-Neden asa kullanamıyoruz ya uf! Yoongi bir elinde toz bezi diğer elinde fıs fısla hem söyleniyor hemde temizlik yapmaya çalışıyordu. Çalışıyordu diyorum çünkü asla beceremiyordu. Tam ağzımı açıp ona sövecekken kapı açıldı ve ben bu hayatta ki şansıma yine küfrettim.
-Vay vay vay kimleri görüyorum Griffyndor'un iki melezi.
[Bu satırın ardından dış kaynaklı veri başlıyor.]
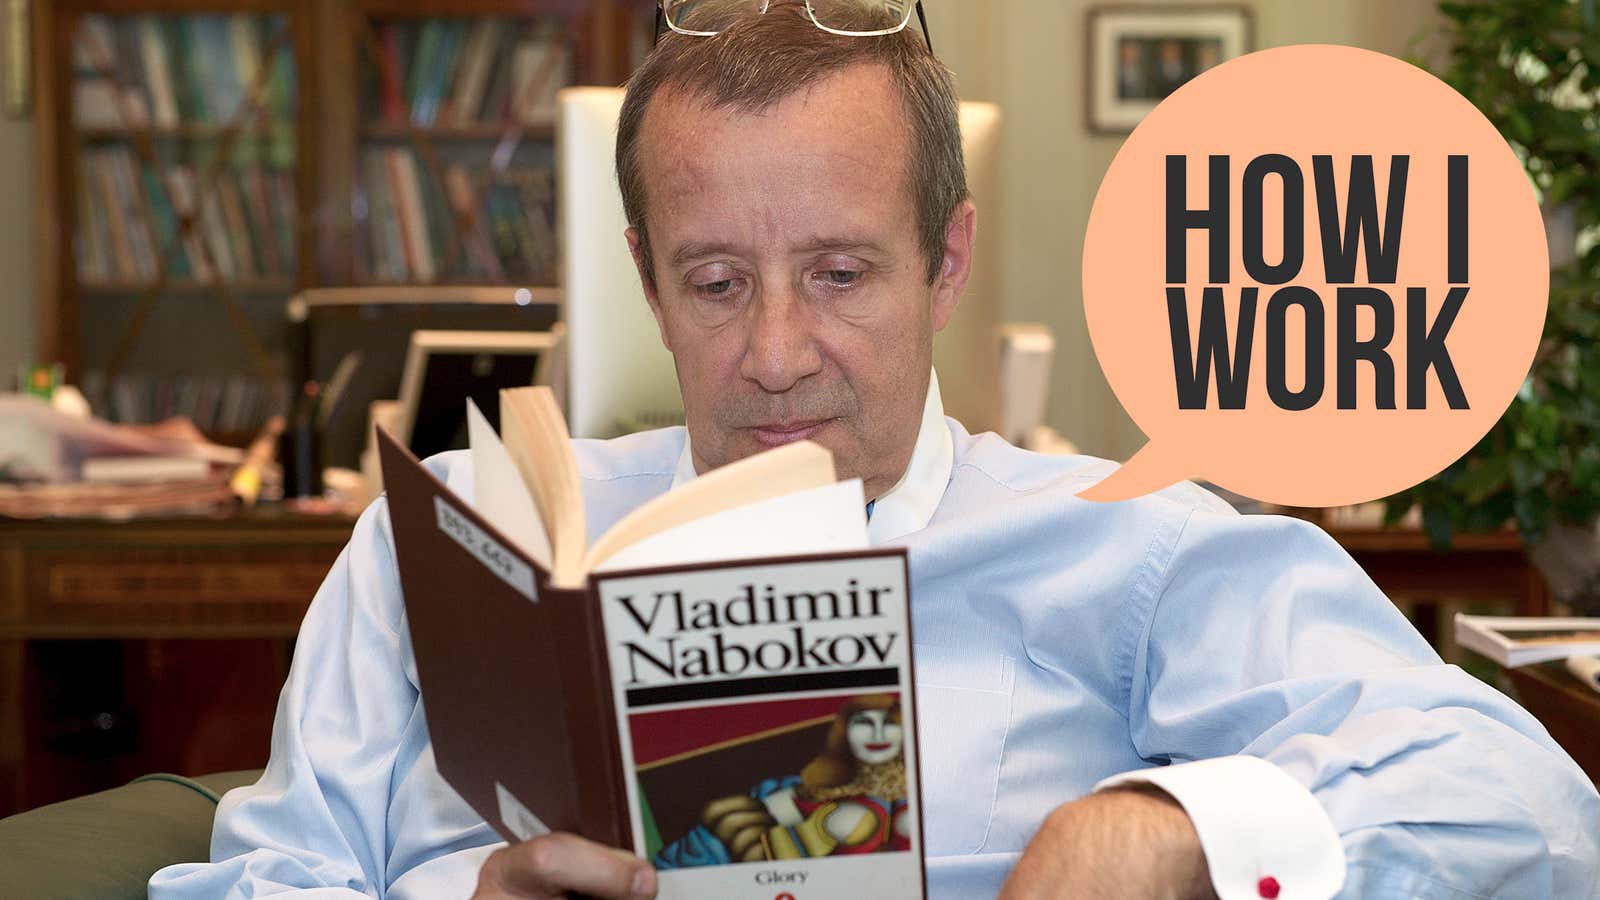 I'm Former Estonian President Toomas Hendrik Ilves, and This Is How I Work

Dedi azılı düşmanım Kim TaehyungIslak ellerimi okul süveterine sildim ve süpürge makinesini kaptığım gibi onun saçlarını süpürmeye yeltendim.
Yeltendim diyorum çünkü benim aksime onun asası vardı ve beni çok kolay bir şekilde etkisiz hale getirmişti. -Lan orada durmayı bırakta gel bana yardım et dedi Yoongi sanki çok iş yapıyormuş gibi. -Edemiyorum ulan dondurucu ışın gibi bir şey yaptı. Nasıl edem! -Lan Kim çöz şu çocuğu daha ortak solanu temizleyemedik bir de yatakhaneler var. Kim Taehyung bilmiş bir şekilde sırıttı. -Neden çözeyim ki böyle hareketsizken daha eğlenceli.-Ulan çözsene tek başıma iş yapıyorum burada! -Daha doğrusu yapamıyorsun diye söylendim. Şuan bu ikisini burada bırakıp Hoseok'la serada ki çiçekleri izlemeyi tercih ederdim. -Peki onu çözmem benim ne yararıma olacak? -Dayak yemekten kurtulacaksın daha ne olsun? Yoongi'nin bu söylediğine ben bile gülmüştüm. Tabiki de o bunu fark etmedi. Taehyung kıkırdadı onun gülüşünü ilk defa gördüğüm için biraz şaşırdım. Gülüşü tahmin ettiğimden daha güzeldi. -Sen beni döveceksin ha bak işte bu çok kom-... -Komik olan da neymiş? Taehyung lafını bitiremeden Park Jimin çıkageldi. Onun gelmesiyle de Yoongi'nin tepesi iyice attı.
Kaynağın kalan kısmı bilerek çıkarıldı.